In 2025, Philippines' Department of Migrant Workers (DMW) signed an MoU with the Croatian government that would open work opportunities for the Filipino workers in the hospitality sector.

==Representation==
Neither country has a diplomatic mission in each other's territories. The Philippine Embassy in Vienna, Austria, is accredited to Croatia. On the other hand, the Croatian ambassador accredited to the Philippines is based in the embassy in Indonesia.

==Meetings==
In 2012, Croatia and the Philippines conducted their second political consultation in Manila. This was conducted at the sub-ministerial level according to a protocol signed in 2005. The meeting identified shipbuilding as a potential area of cooperation.
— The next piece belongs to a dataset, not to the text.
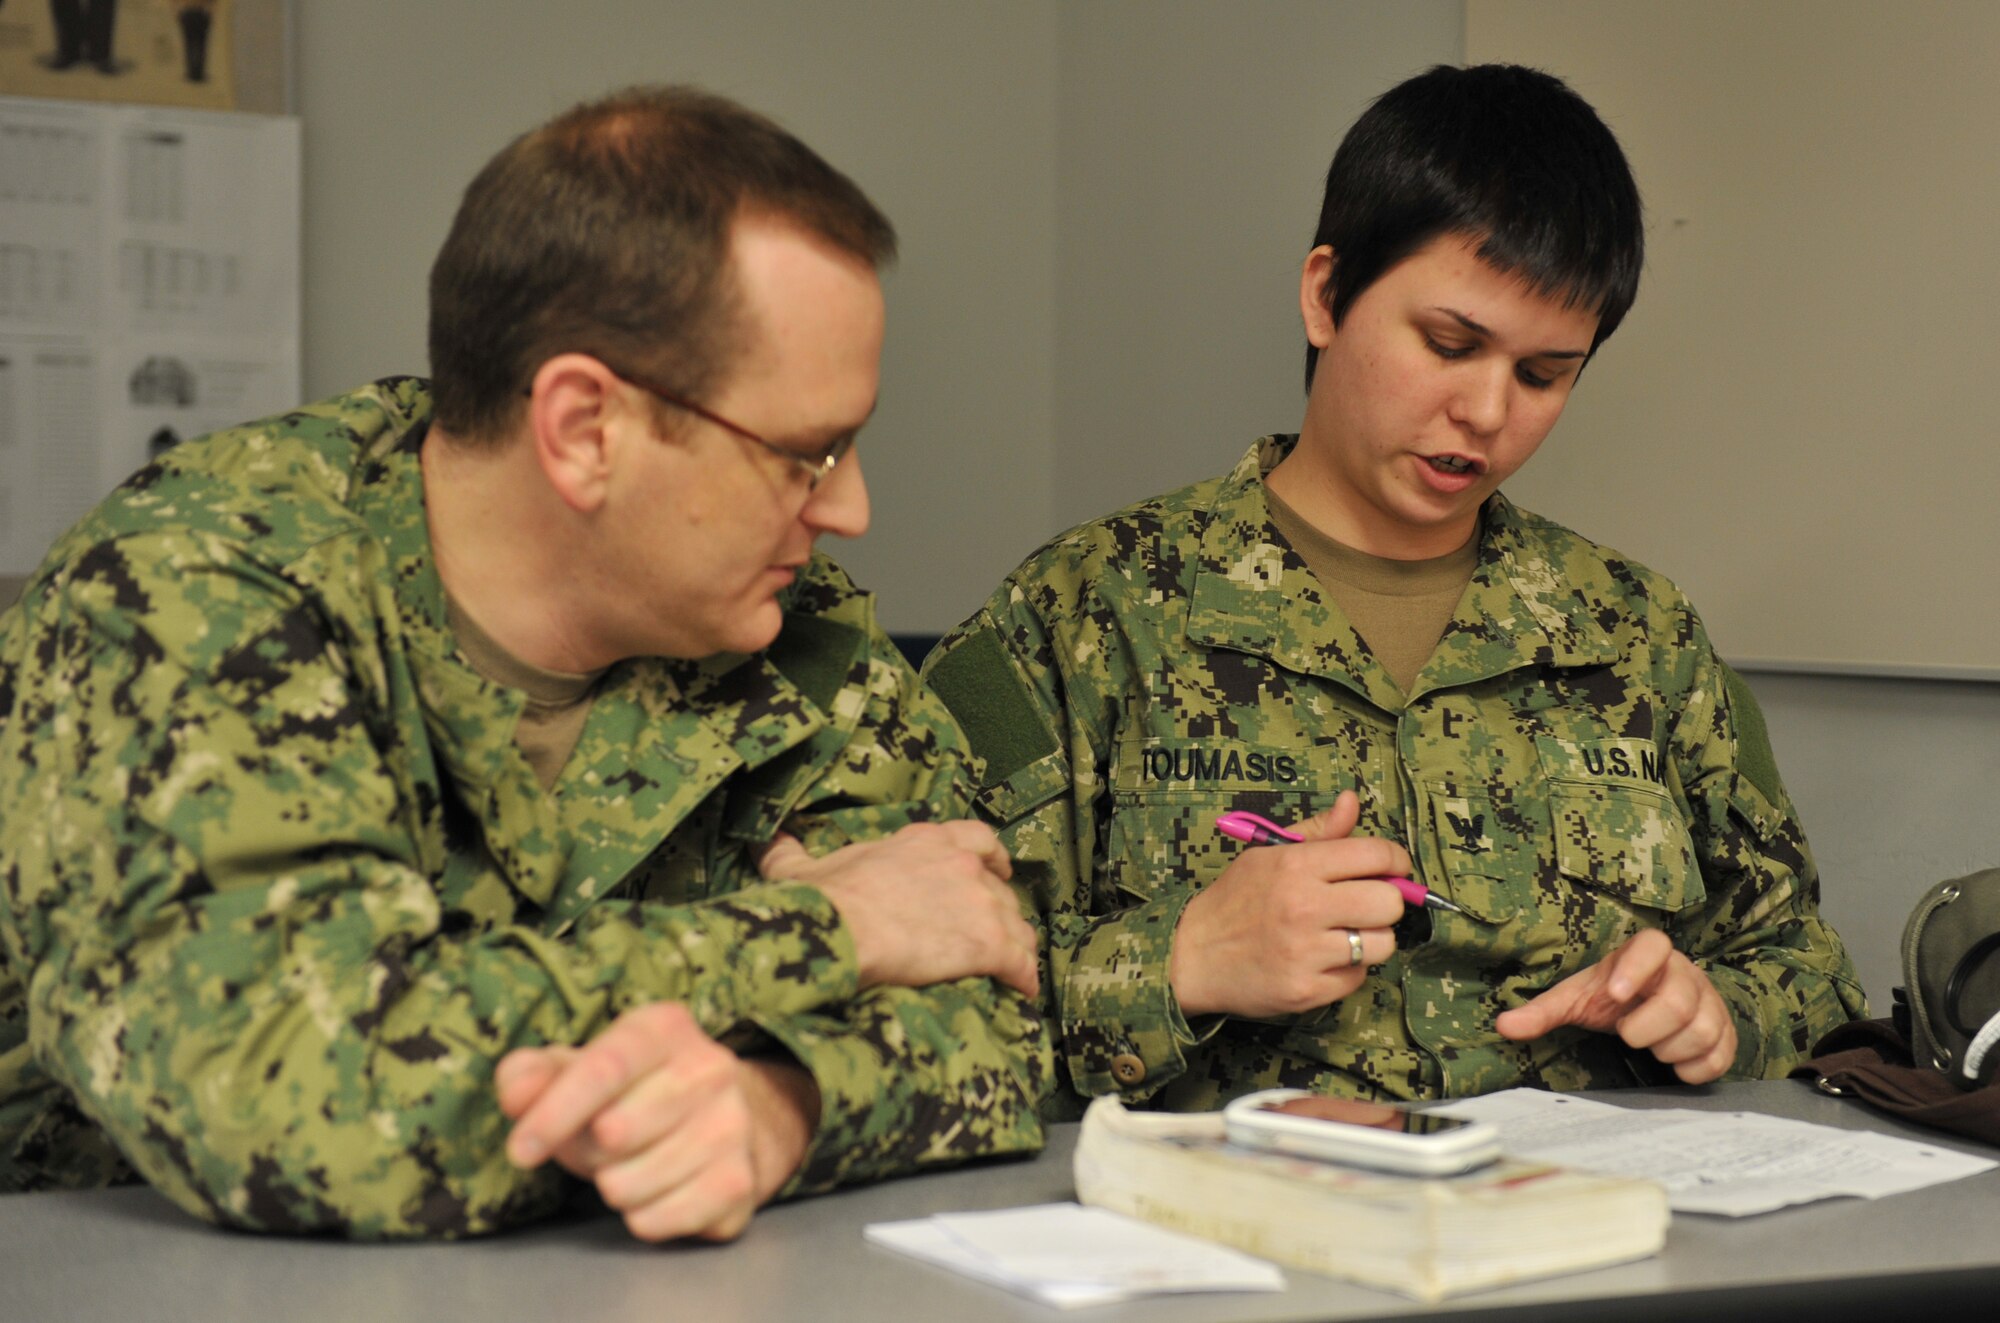 WHITEMAN AIR FORCE BASE, Mo. -- Petty Officer 2nd Class Jason Bartlett, and Petty Officer 3rd Class Tonja Toumasis, Coastal Riverine Squadron 11, Detachment Alpha 2 electric technician, study U.S. Navy history for an upcoming exam during their drill weekend, Feb. 9, 2013. Each reservist must maintain a security clearance, have a passport, be medically fit to fight, have a family care plan ready and be swim-qualified. (U.S. Air Force photo/Heidi Hunt) (Released)

In 2018, Croatia and the Philippines held their third political consultation meeting in New York, marking their 25th anniversary of diplomatic relations. Both sides renewed their commitment to bilateral ties in the meeting.

==Trade and investment==

As of June 2012 trade between the two countries was valued at $4 million per annum. In 2012, the Philippines were investigating Croatia as a destination for fruit exports.

Since 2011, International Container Terminal Services Inc., a Philippine port operation company, has operated Brajdica Container Terminal, the shipping container terminal at the Port of Rijeka, Croatia's largest port, and owned a majority stake in Adriatic Gate Container Terminal, a Croatian port operation company. The Philippine ambassador Lourdes Yparraguirre was present at the signing, and hailed the deal as "a major boost to enhancing bilateral relations between the vibrant economies".
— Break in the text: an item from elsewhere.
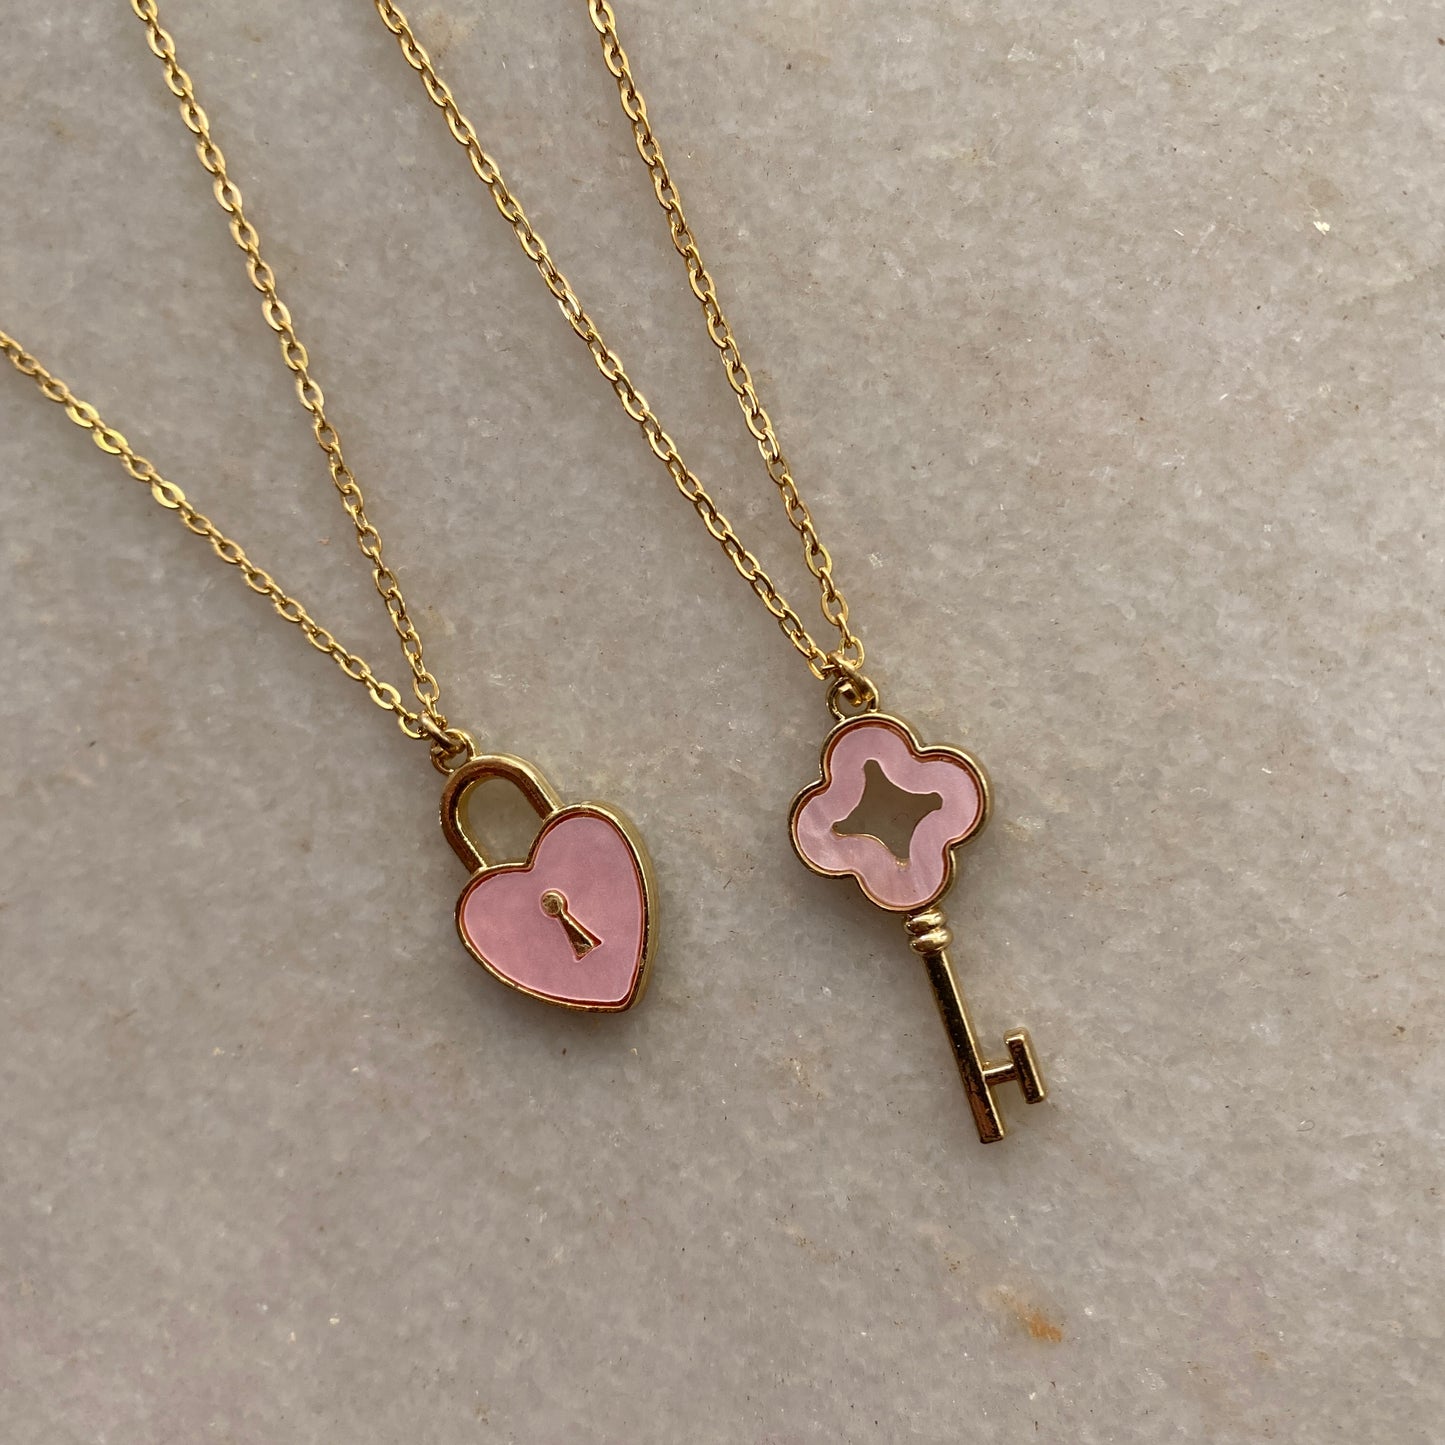 BEST FRIENDS LOCK AND KEY COMBO NECKLACES

From May 2025 to April 2026 the Philippines imports from Croatia totaled 3.41 million USD.

==UN-related contacts==
In 2018, the third sub-ministerial meeting was held at the Croatian Mission to the United Nations, on the sidelines of the 73rd United Nations General Assembly. A joint issue of commemorative stamps was released by both countries to commemorate the 25 year bilateral relationship.

In 2019, the Philippines suspended any loan or grant negotiation or signing with Croatia and 17 other countries in response to their vote in support of a United Nations Human Rights Council resolution to investigate extrajudicial killings during the Philippine drug war.

==Military==
In 2012, the Defence ministers of the two countries met during an official Croatian delegation visit to the Philippines and discussed potential cooperation on military technology, shipbuilding, and between their respective navies, particularly in combating piracy. In 2019, Filipino defense secretary Delfin Lorenzana and Croatian deputy PM and minister of defense Damir Krstičević met in Split in Croatia and signed a memorandum of understanding for defense cooperation. Cooperation was to happen in the fields of defense and security policy, military education, training and capacity building, military equipment, logistics and maintenance, defense industry, and technology. During the 2012 meeting, Croatia offered to build ships for the Philippine Coast Guard and overhaul existing ships, as well as pistols and assault rifles manufactured to NATO standards.
==Resident diplomatic missions==
- Croatia is accredited to the Philippines from its embassy in Jakarta, Indonesia.
- the Philippines is accredited to Croatia from its embassy in Vienna, Austria.